[Opening RECORDED DATA section]

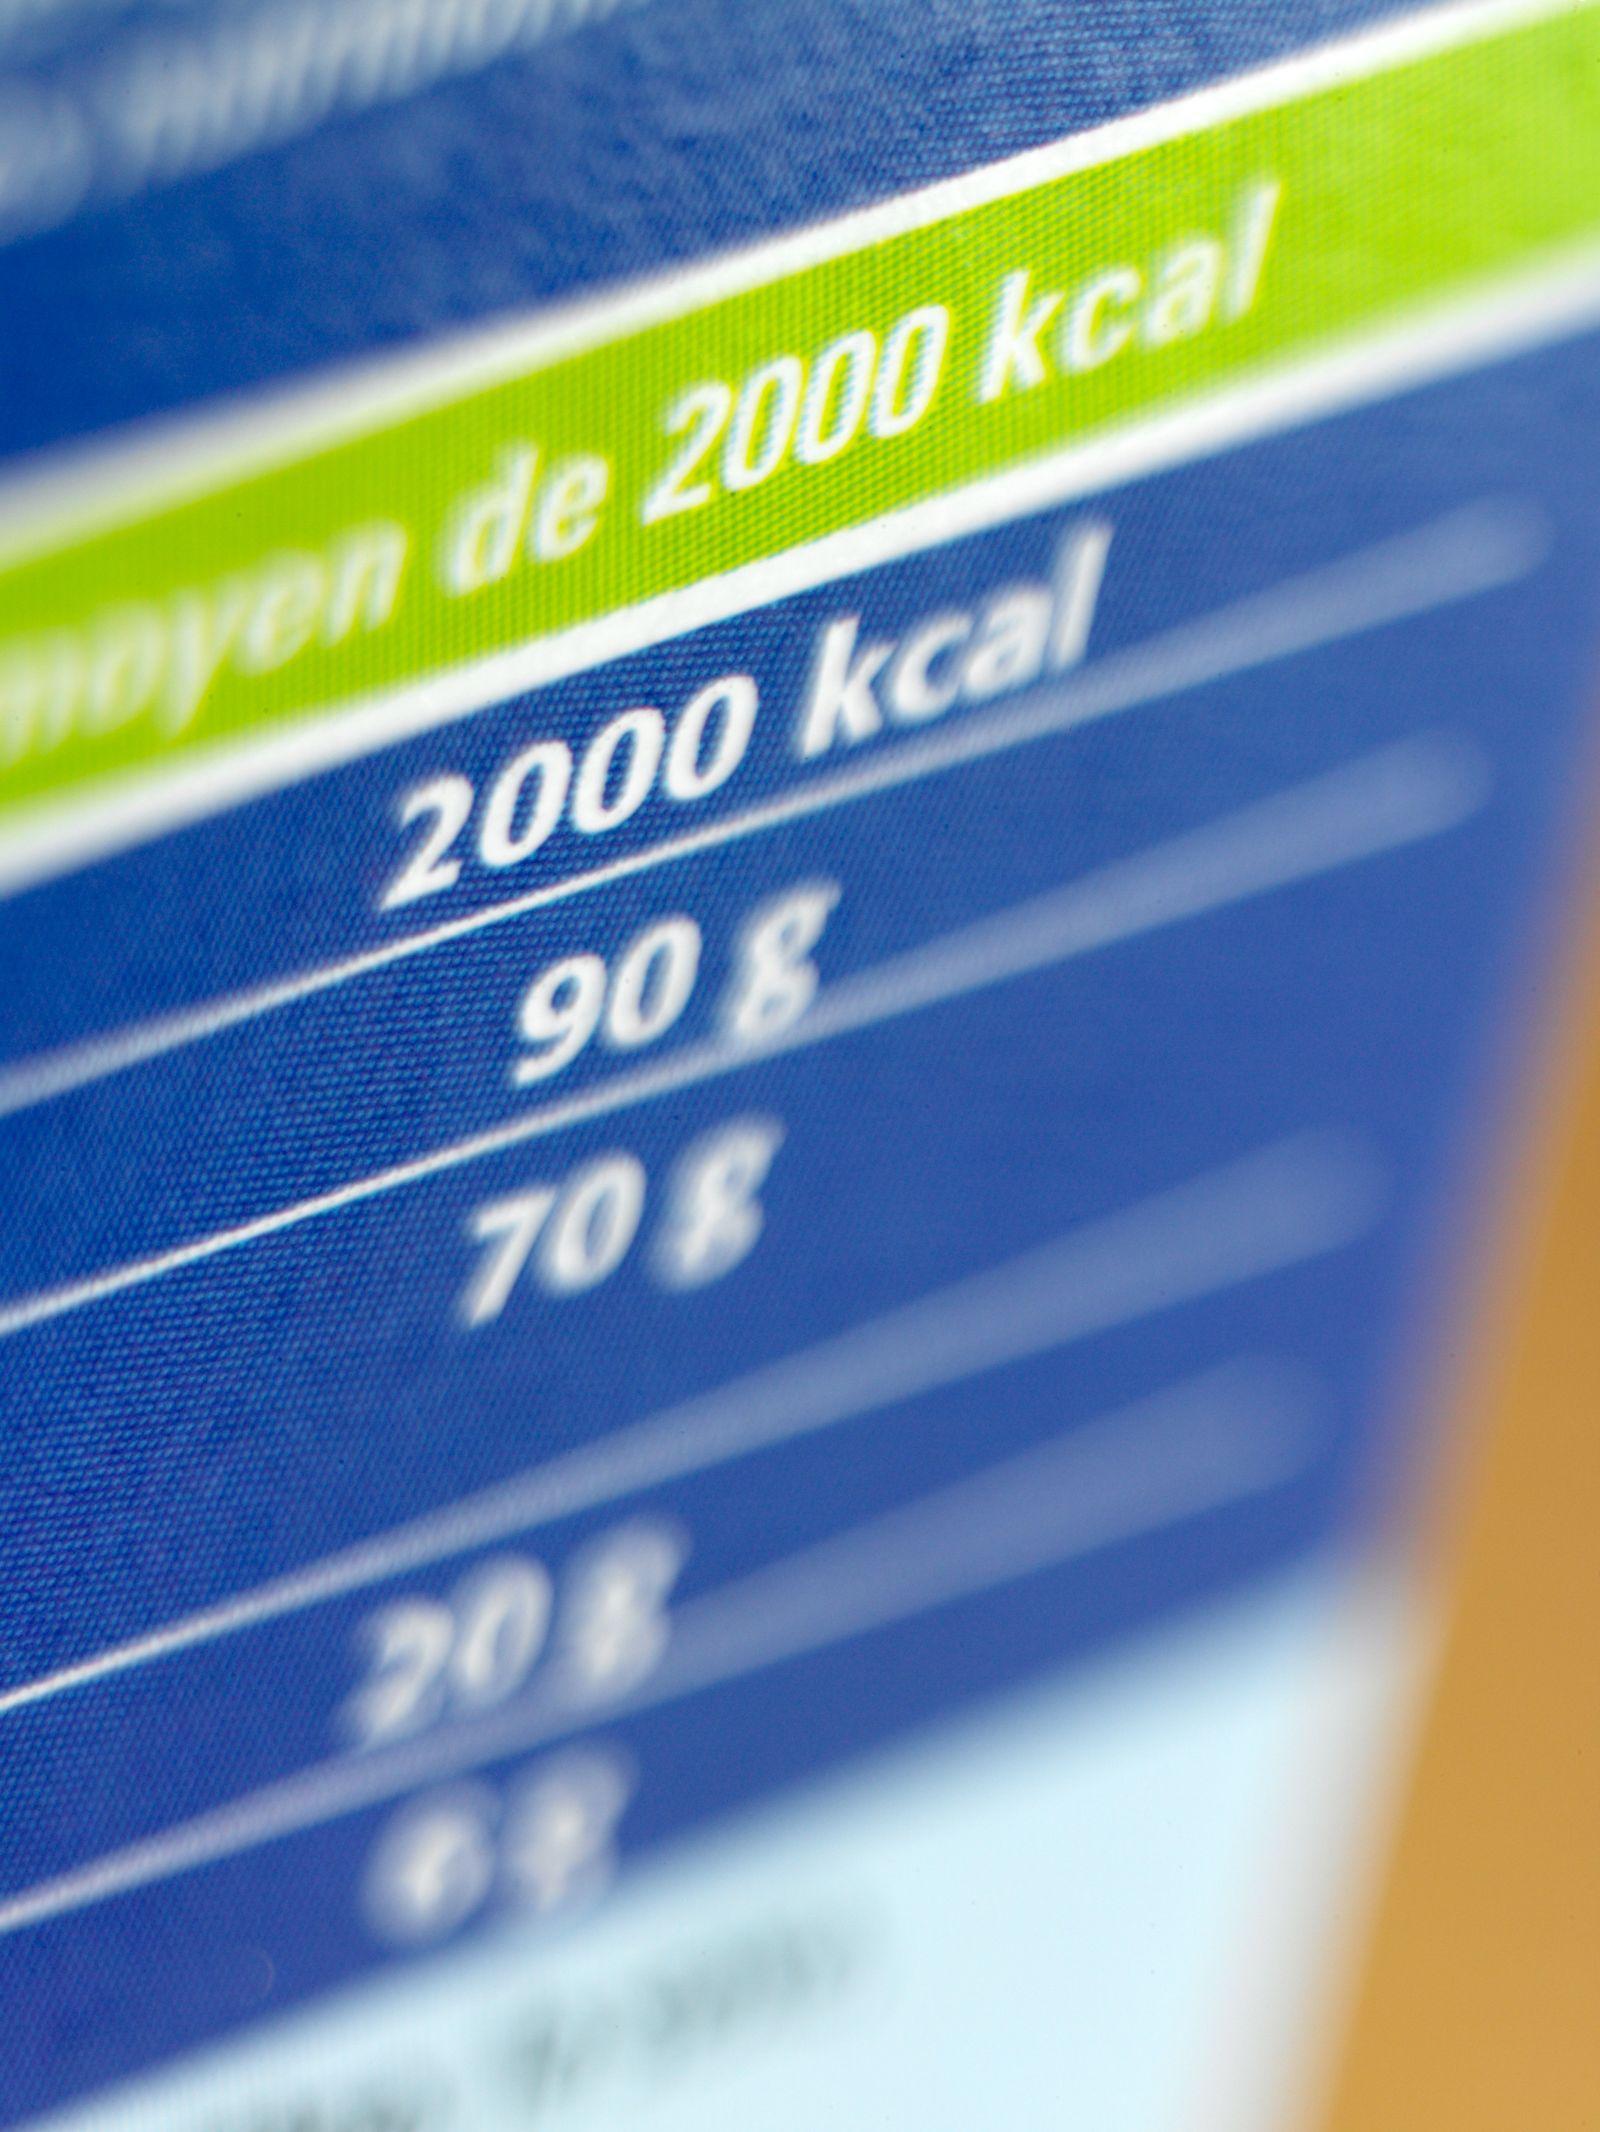 NICHT MEHR VERWENDEN! - Kalorien / Bedarfsrechner
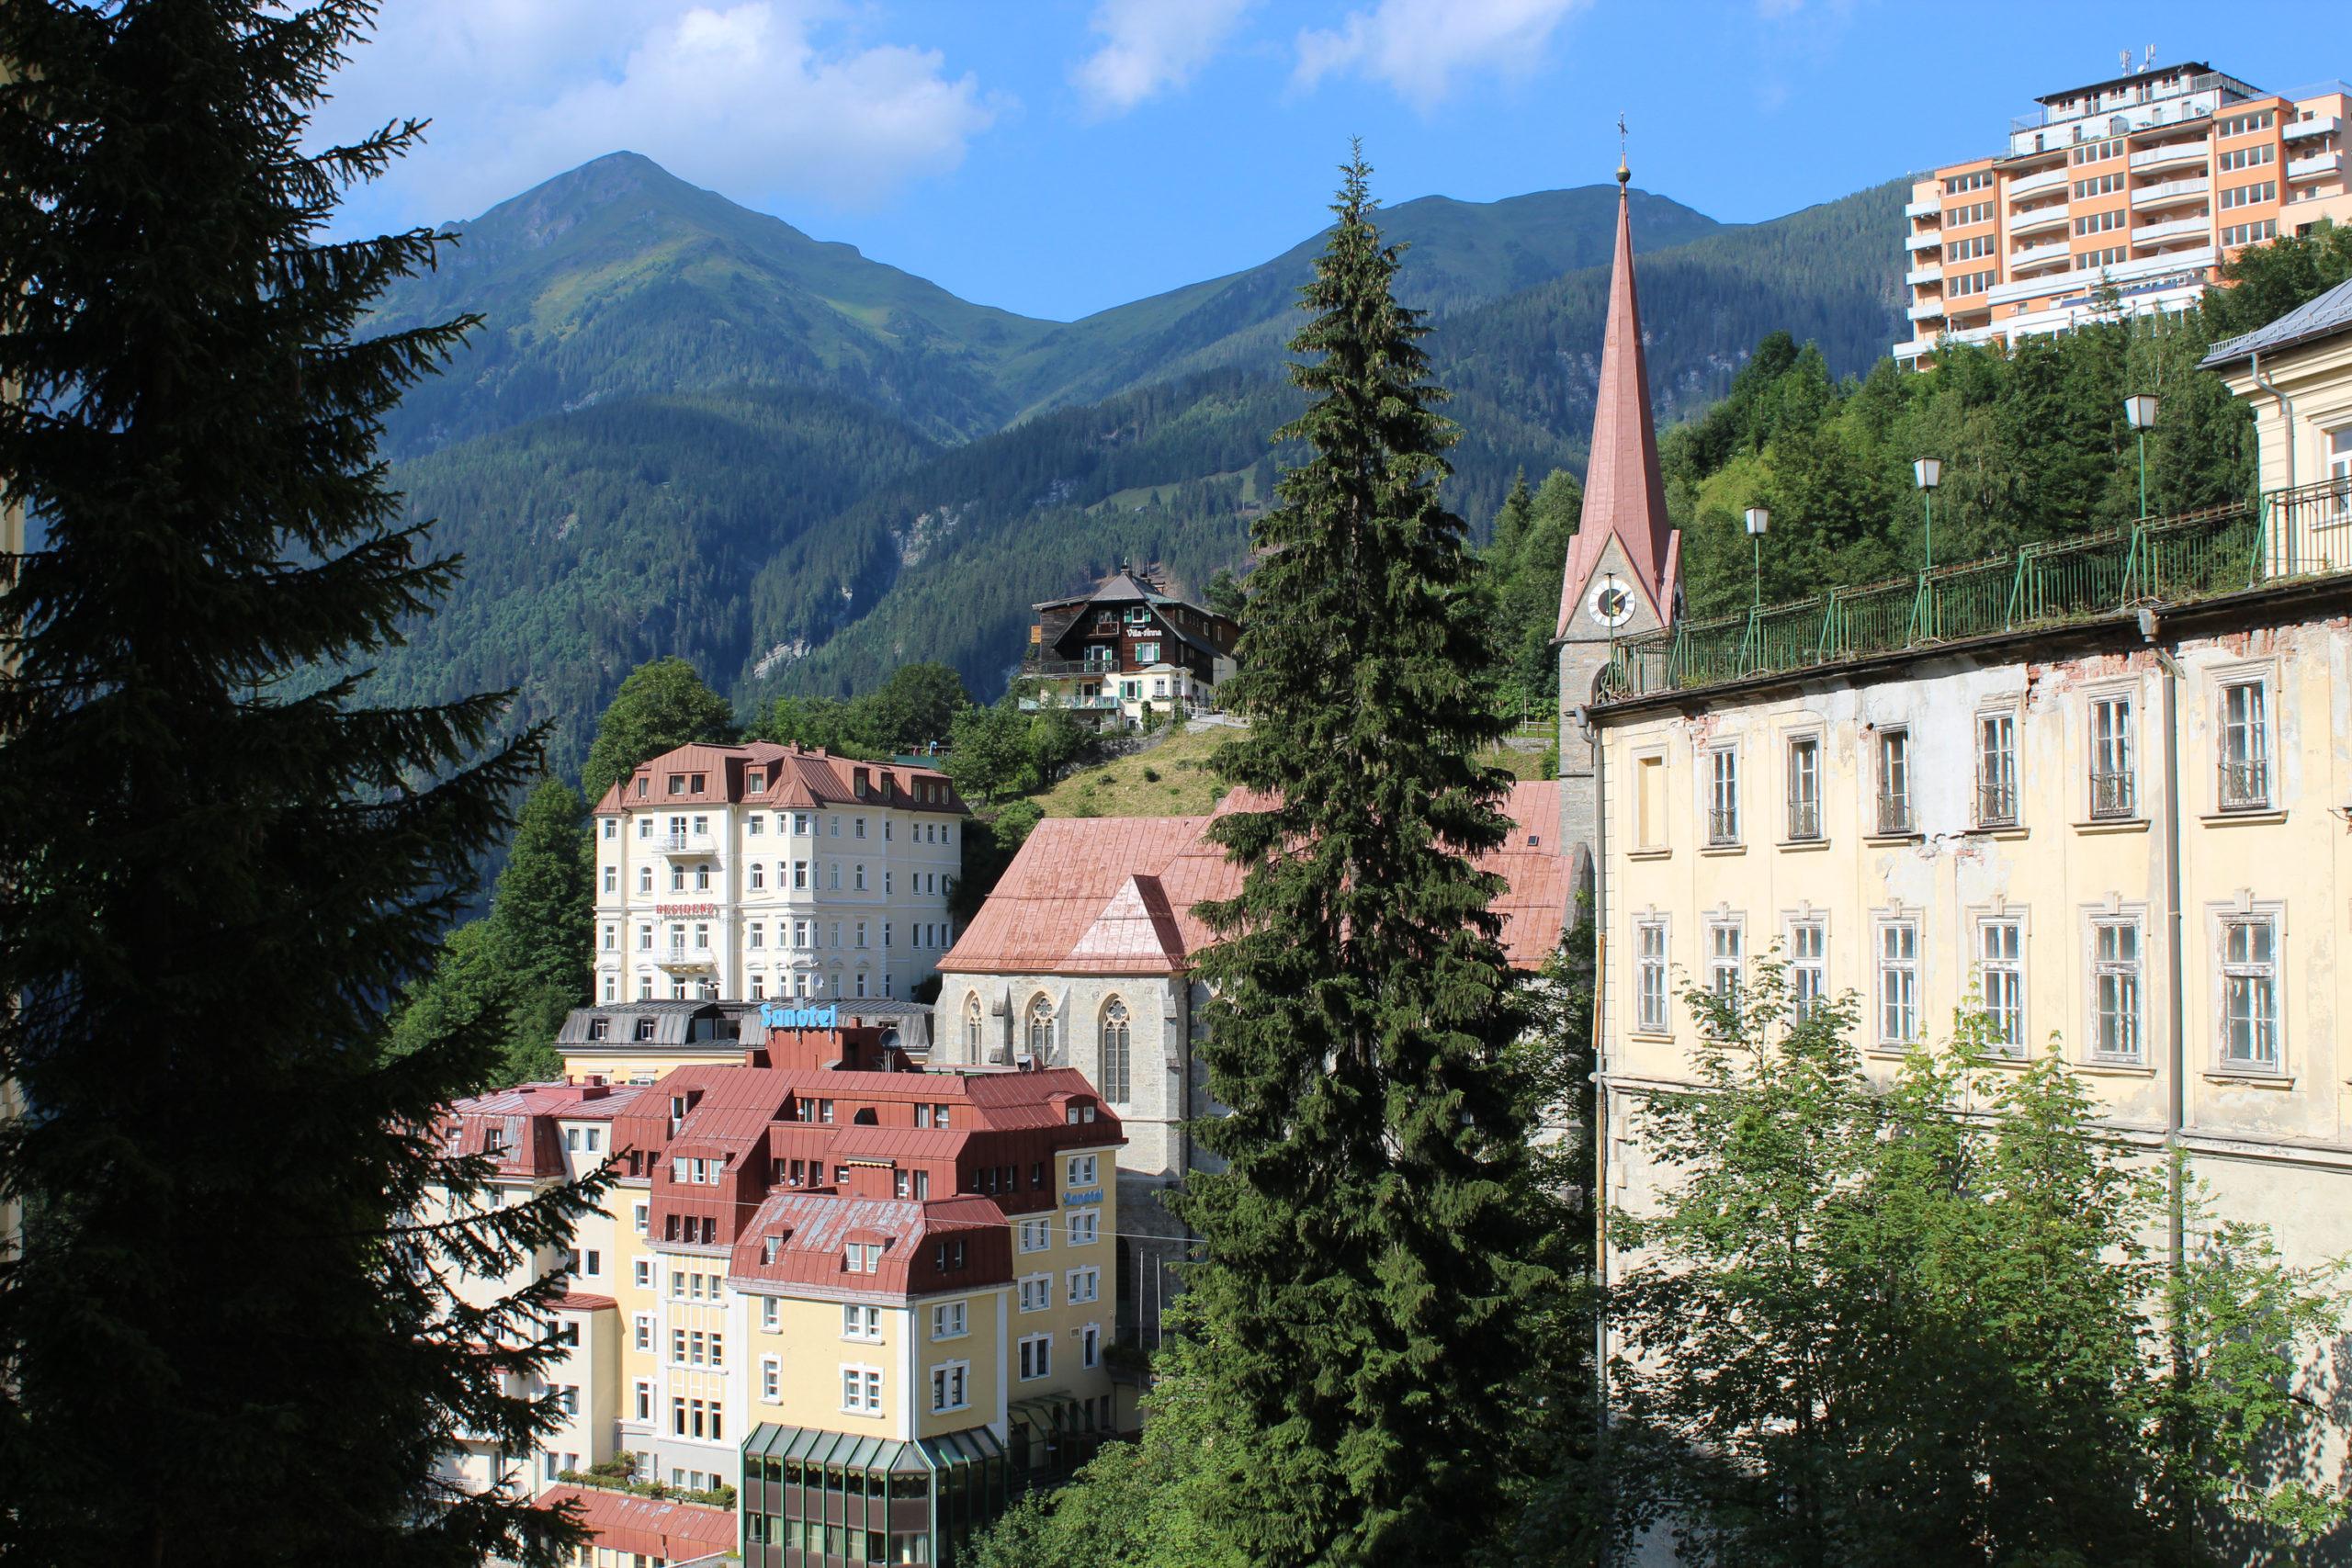 Panorama na miasto i góry
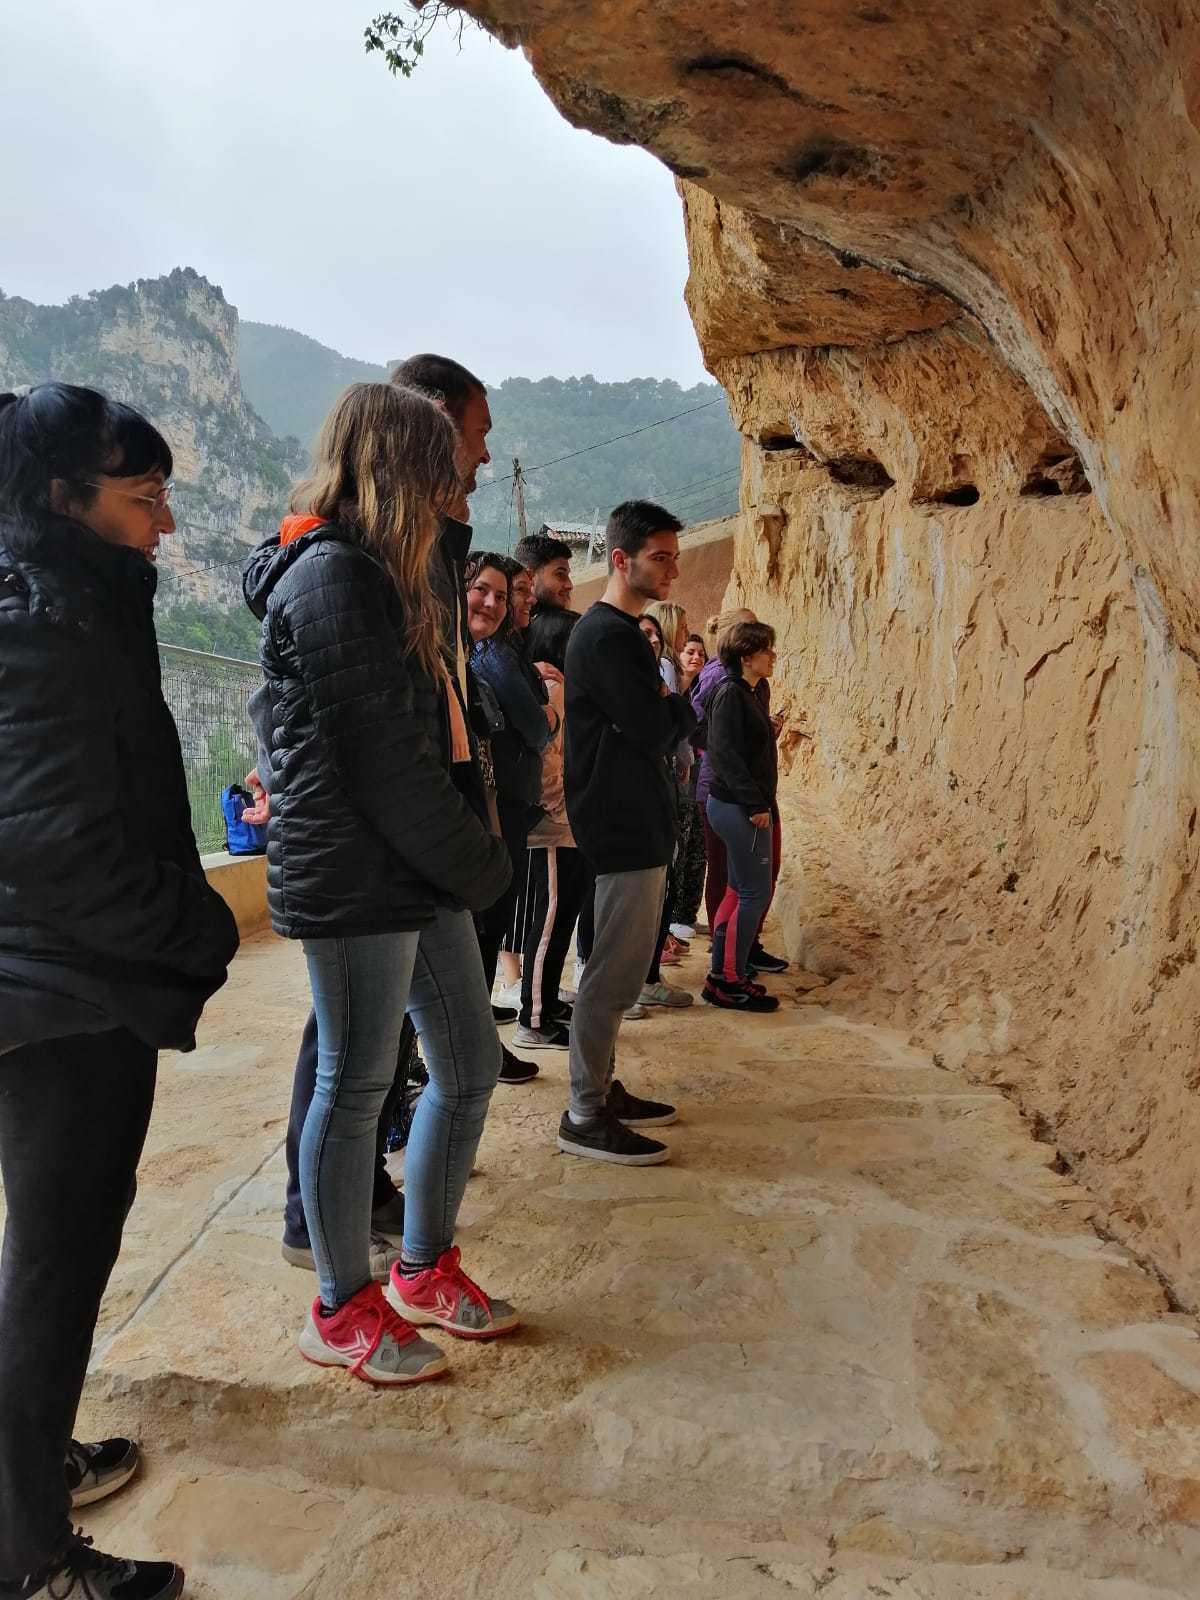 Peintures rupestres de la Cova dels Rossegadors

[Closing RECORDED DATA section]

REQUIRED ACTION:
Every line of the material is to be quoted exactly, with no pictures carried over.

TASK RESPONSE:
 NICHT MEHR VERWENDEN! - Kalorien / Bedarfsrechner
 Panorama na miasto i góry
 Peintures rupestres de la Cova dels Rossegadors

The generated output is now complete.